Trehalose is a non-conventional sugar with potent applications in the food, healthcare and biopharma industries. In this study, trehalose was synthesized from maltose using whole-cell Pseudomonas monteilii TBRC 1196 producing trehalose synthase (TreS) as the biocatalyst. The reaction condition was optimized using 1% Triton X-100 permeabilized cells. According to our central composite design (CCD) experiment, the optimal process was achieved at 35℃ and pH 8.0 for 24 h, resulting in the maximum trehalose yield of 51.60 g/g after 12 h using an initial cell loading of 94 g/l. Scale-up production in a lab-scale bioreactor led to the final trehalose concentration of 51.91 g/l with a yield of 51.60 g/g and productivity of 4.37 g/l/h together with 8.24 g/l glucose as a byproduct.
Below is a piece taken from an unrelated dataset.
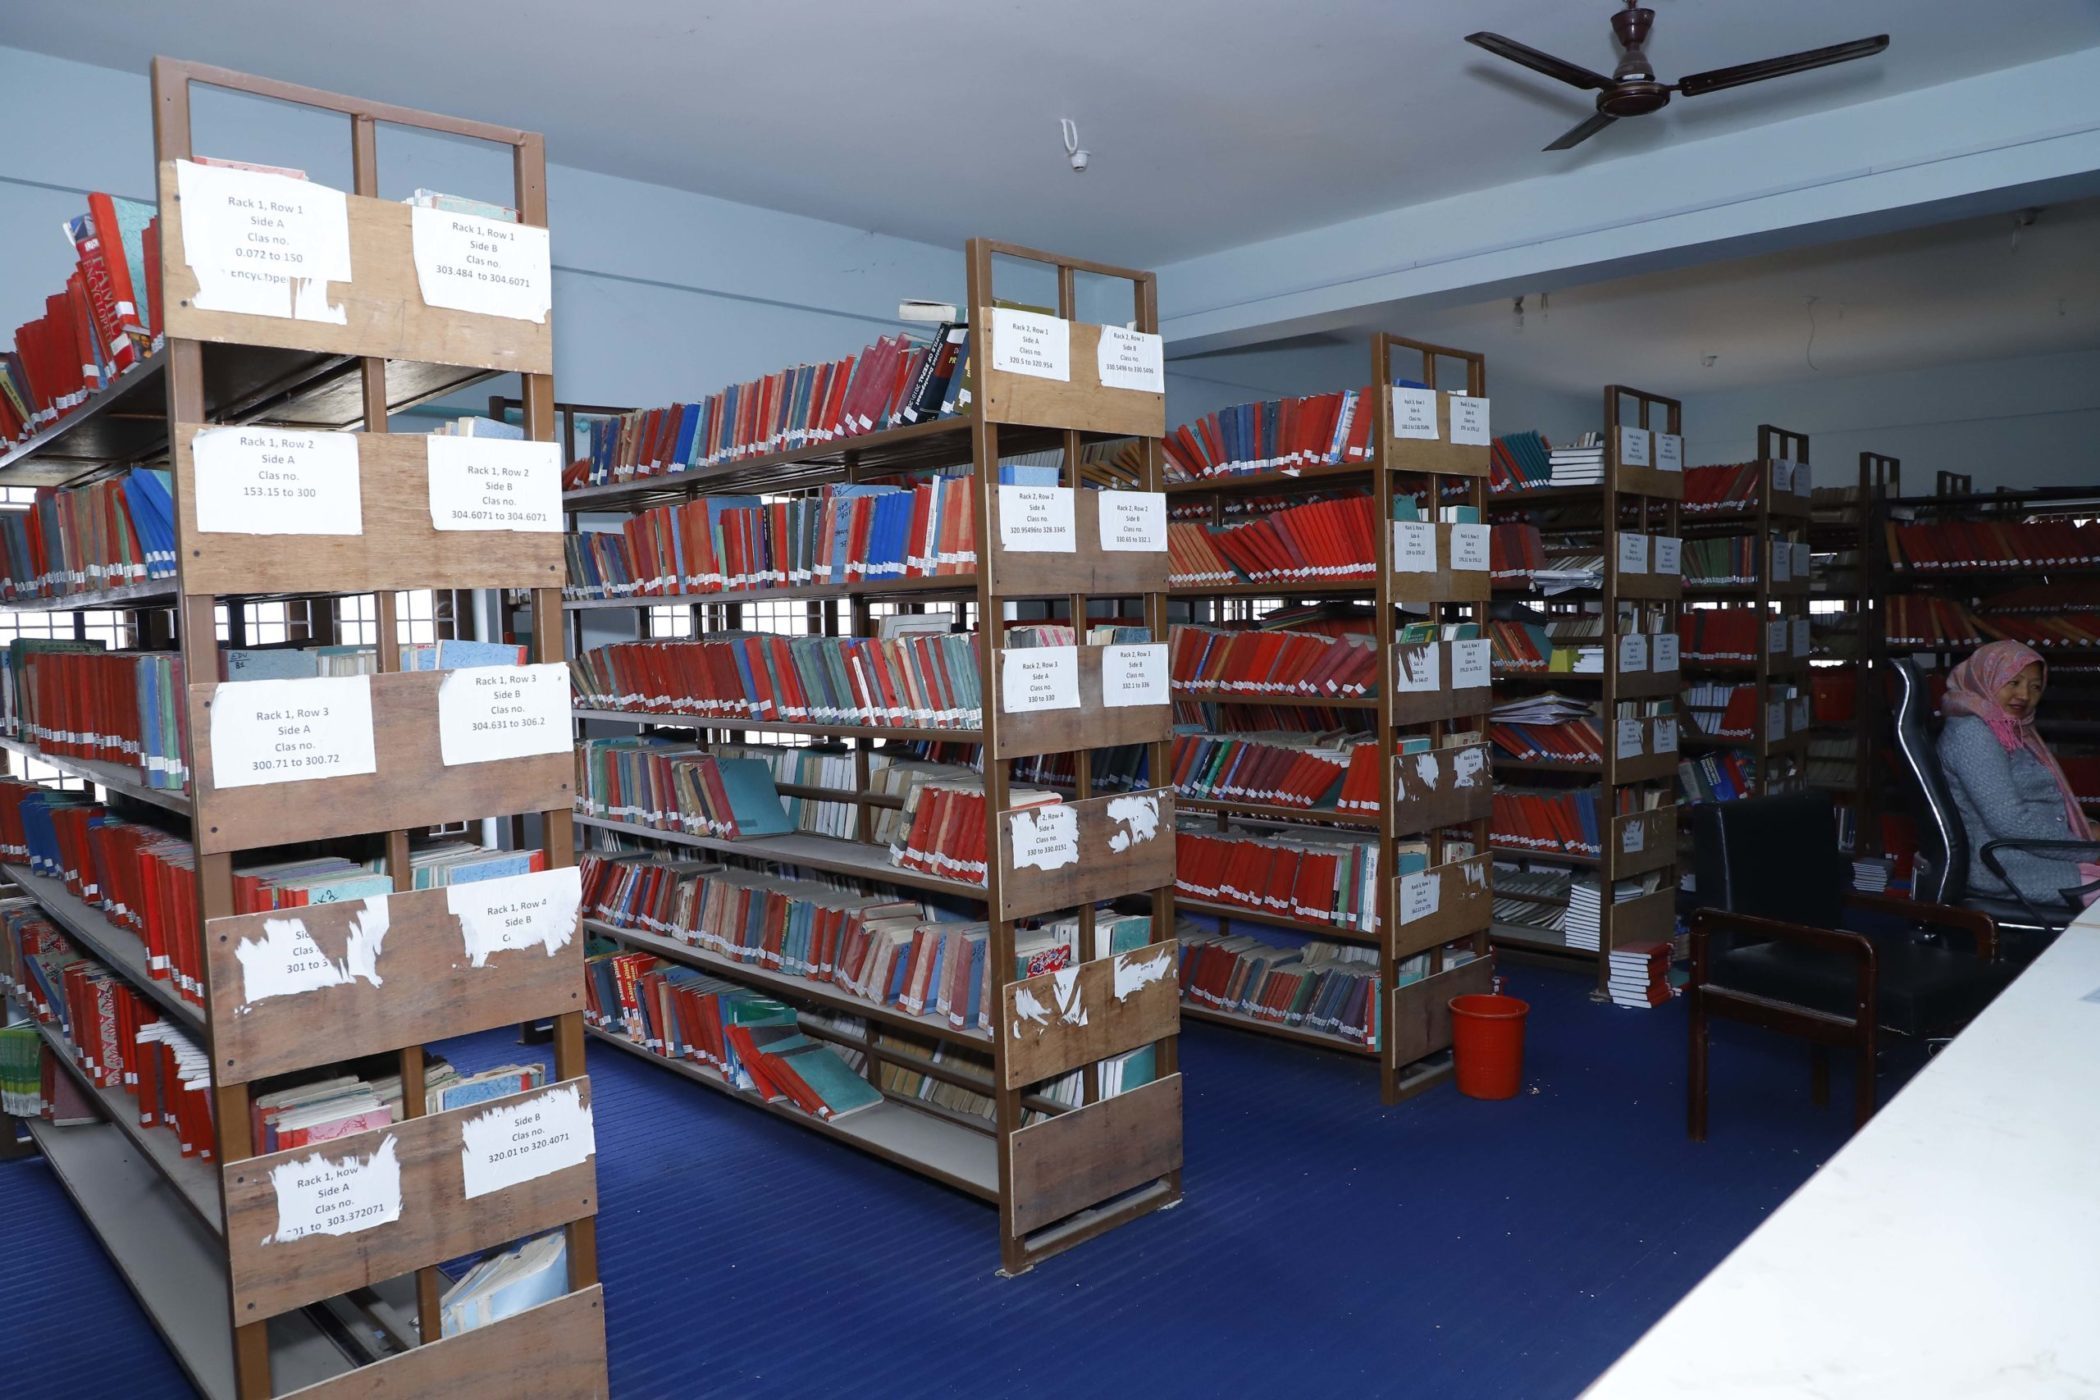 KMC Central Library
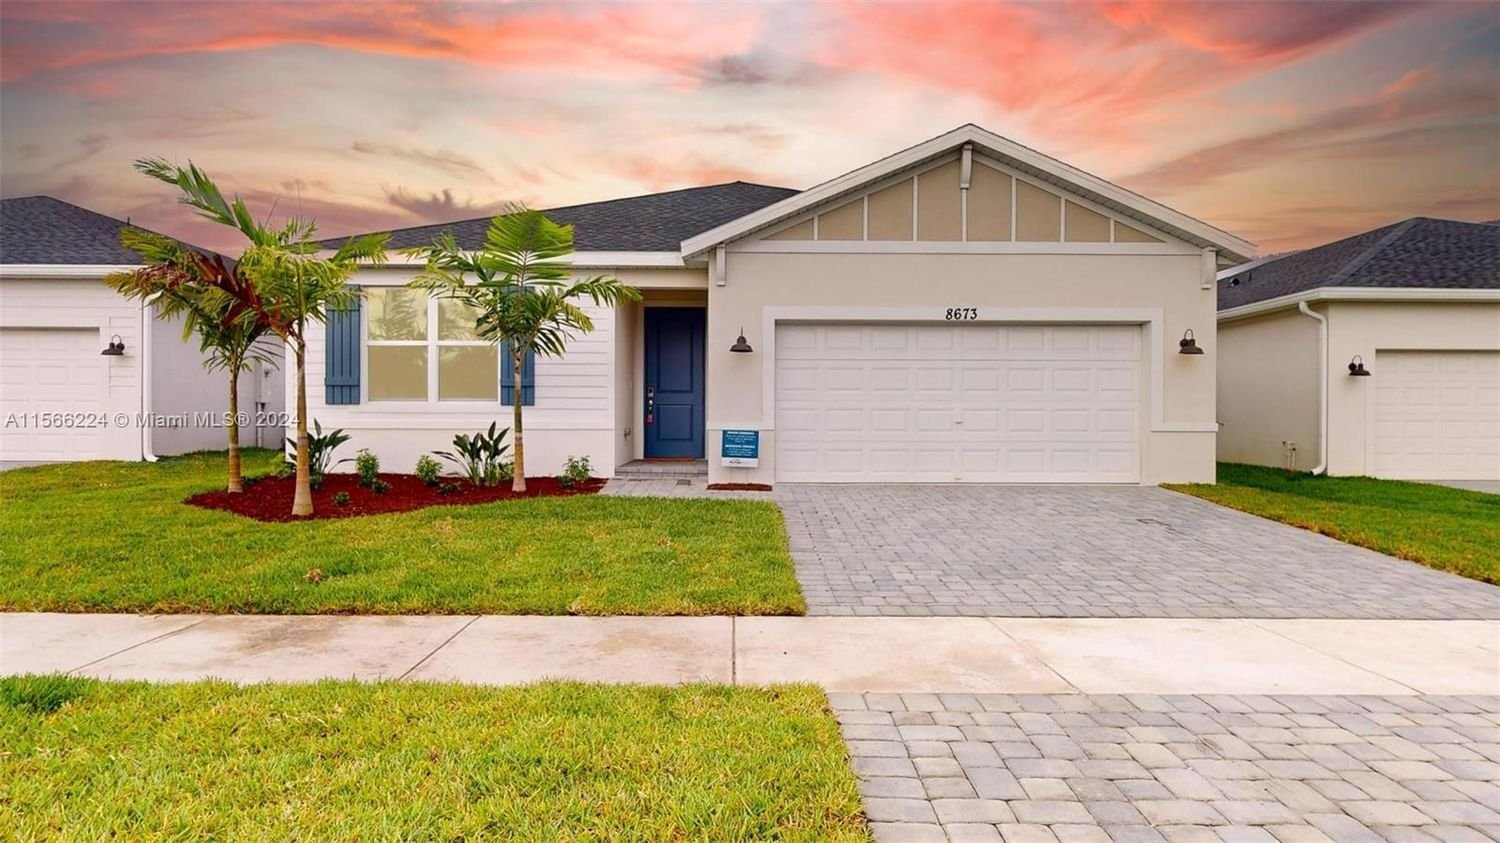 Real estate property located at 8673 Dahlia Cir, St Lucie County, AZALEA, Port St. Lucie, FL

A one-pot process integrating trehalose production and byproduct bioremoval showed 53.35% trehalose yield from 107.4 g/l after 15 h by permeabilized P. moteilii cells. The residual maltose and glucose were subsequently removed by Saccharomyces cerevisiae TBRC 12153, resulting in trehalose recovery of 99.23% with 24.85 g/l ethanol obtained as a co-product. The present work provides an integrated alternative process for trehalose production from maltose syrup in bio-industry.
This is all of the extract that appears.